FAQ – Frequently Asked Question’s
FAQ – we have compiled a list of our most frequently asked questions, to assist you in better understanding the mortgage loan process.
FAQ: WHY DO I HAVE TO PAY A YEAR’S WORTH OF INSURANCE AT CLOSING?
A: The homeowner’s insurance premium is paid in full at the time of closing. If you have an escrow account several months of reserves are collected in addition to the premium so there is enough to pay the policy when it comes due the following year. The policies are paid annually to take advantage of the lowest premium cost. Monthly, quarterly, or sem-annual policies typically are more expensive due to service charges.

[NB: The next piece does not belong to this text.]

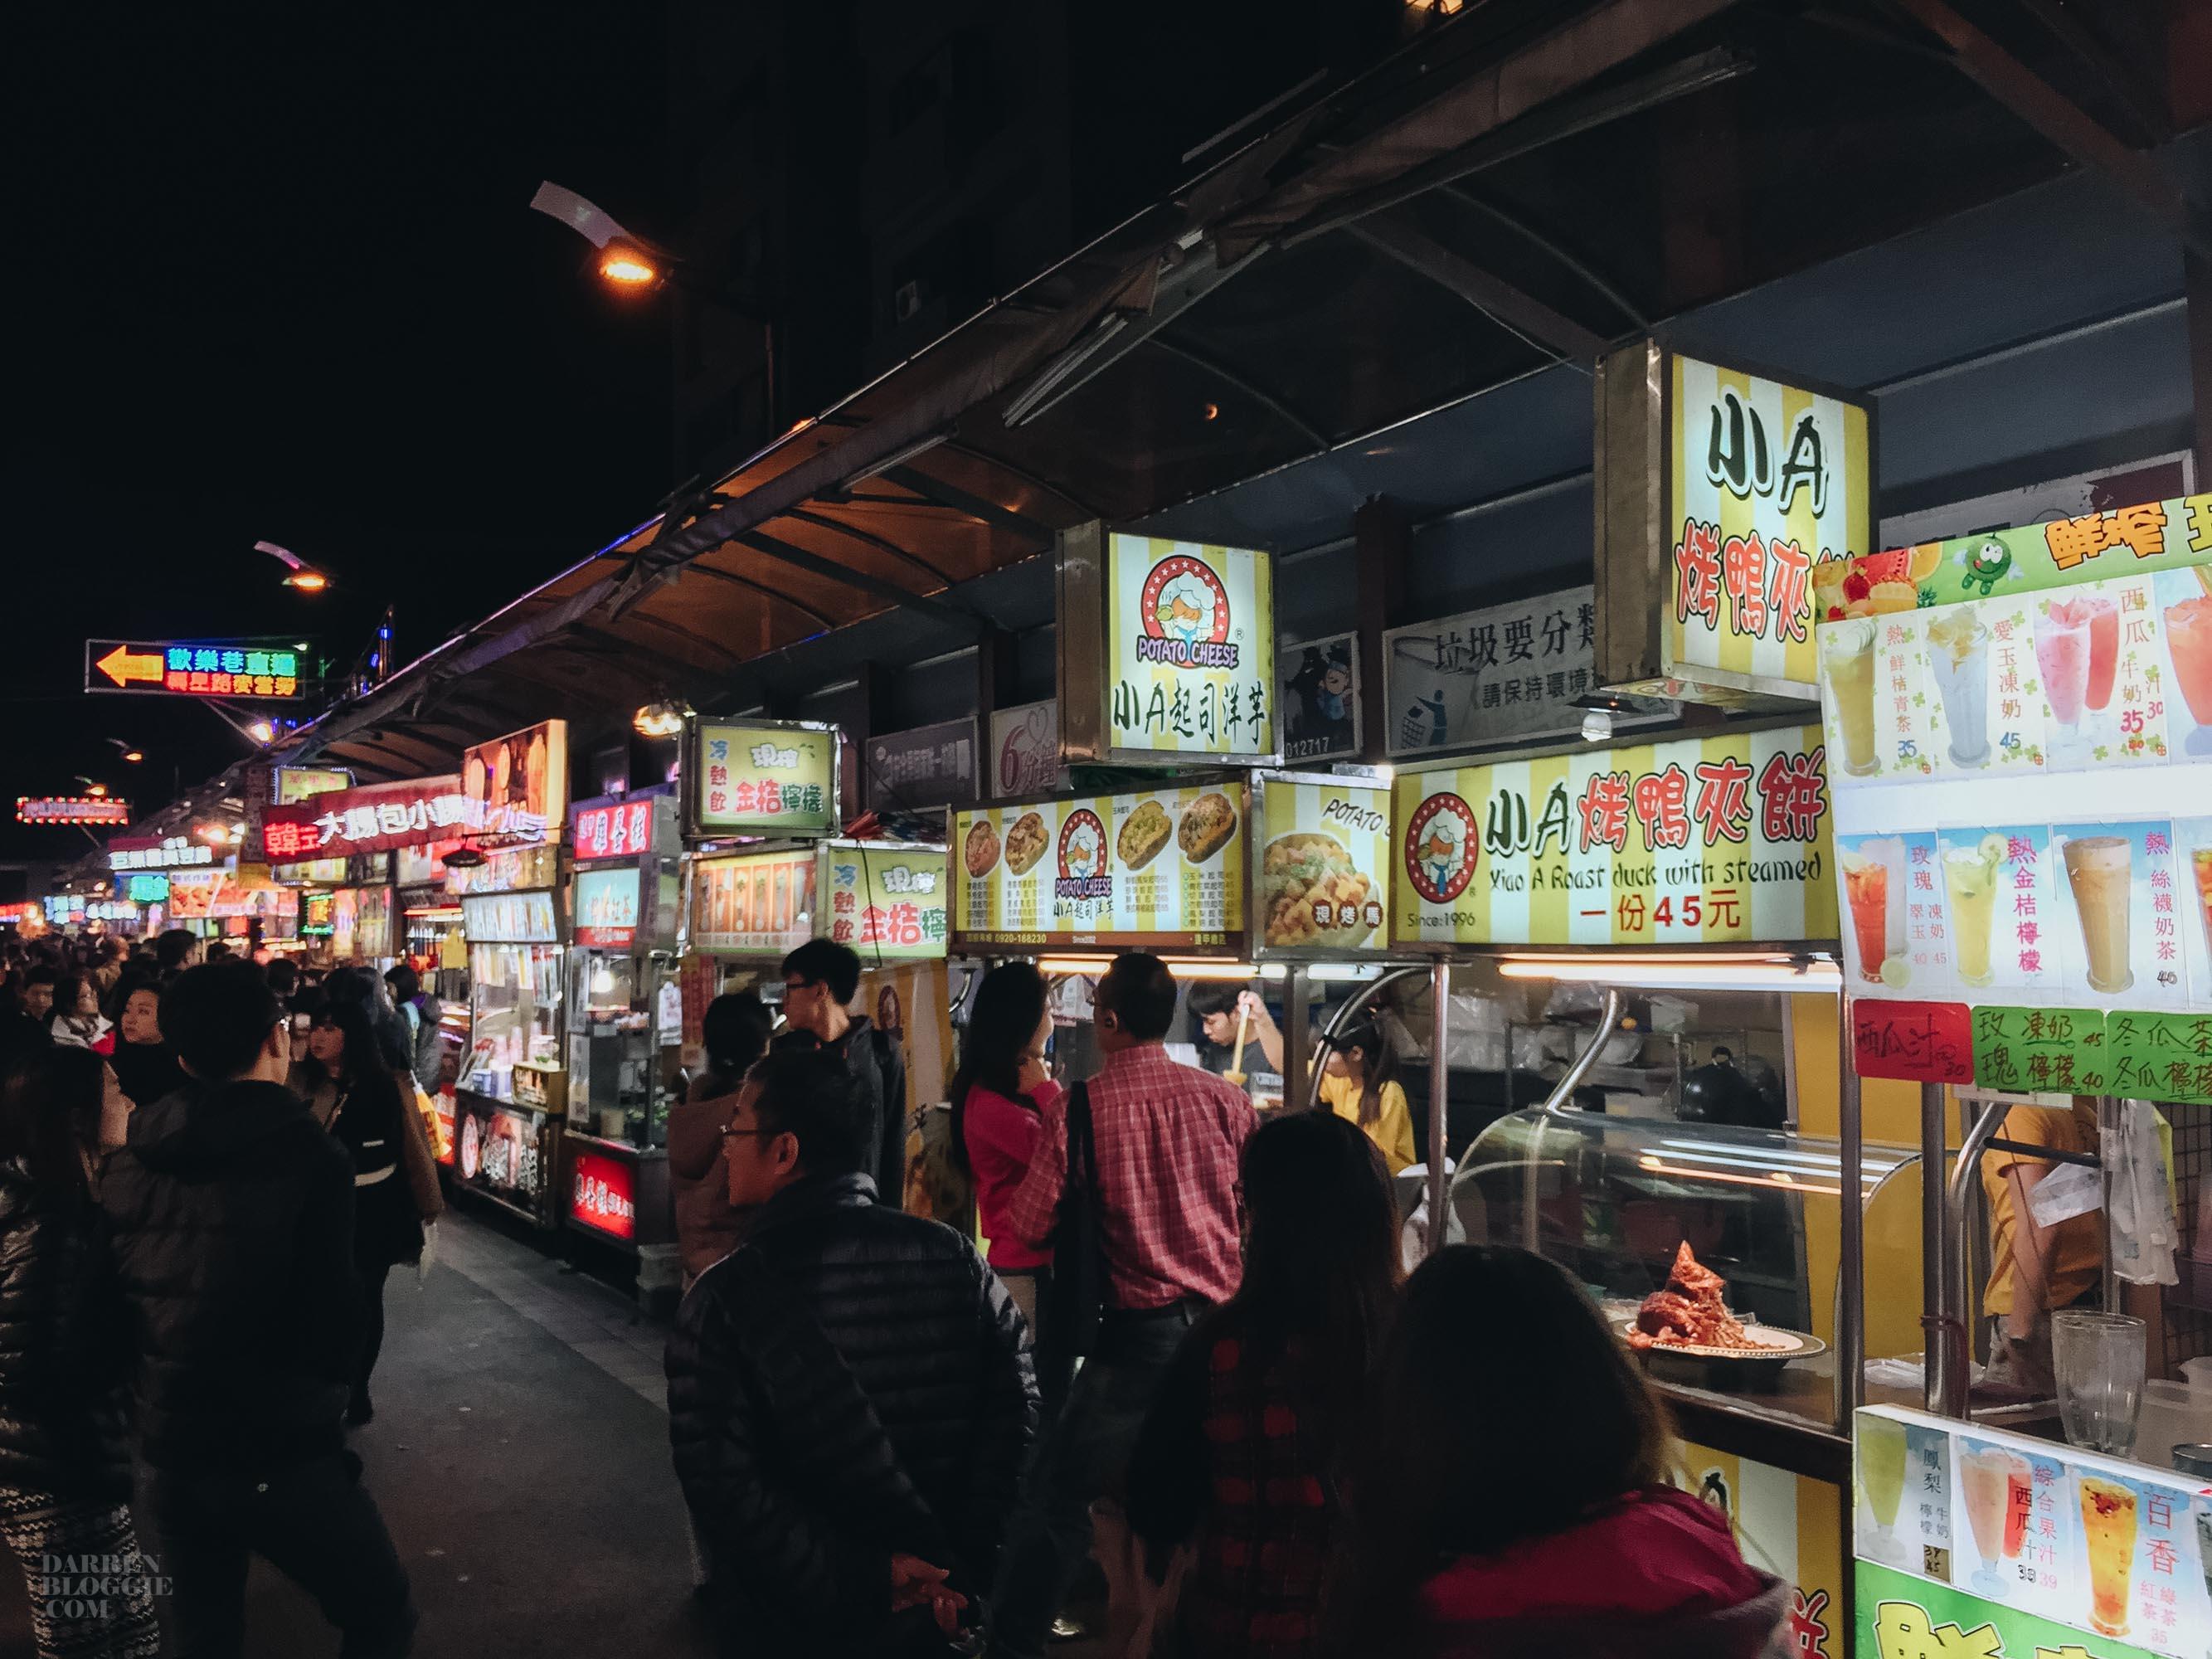 fengjia night market taichung taiwan darrenbloggie

FAQ: WHAT IF MY CREDIT ISN’T PERFECT?
A: Many folks have had challenges on their credit report and we’ve been able to help them with the dream of homeownership. We will help guide you through the process of underwriting requirements and help you prepare for loan approval. Sometimes this process can take time and we will be there to help you each step along the way.
FAQ: HOW DO I KNOW HOW MUCH HOUSE I CAN AFFORD?
A: Generally speaking, you can purchase a home with a value of two or three times your annual household income. However, the amount that you can borrow will also depend upon your employment history, credit history, current savings and debts, and the amount of down payment you are willing to make. You may also be able to take advantage of special loan programs for first time buyers to purchase a home with a higher value. Give us a call, and we can help you determine exactly how much you can afford.
FAQ: WHAT IS THE DIFFERENCE BETWEEN A FIXED-RATE LOAN AND AN ADJUSTABLE-RATE LOAN?
A: With a fixed-rate mortgage, the interest rate stays the same during the life of the loan. With an adjustable-rate mortgage (ARM), the interest changes periodically, typically in relation to an index. While the monthly payments that you make with a fixed-rate mortgage are relatively stable, payments on an ARM loan will likely change. There are advantages and disadvantages to each type of mortgage, and the best way to select a loan product is by talking to us.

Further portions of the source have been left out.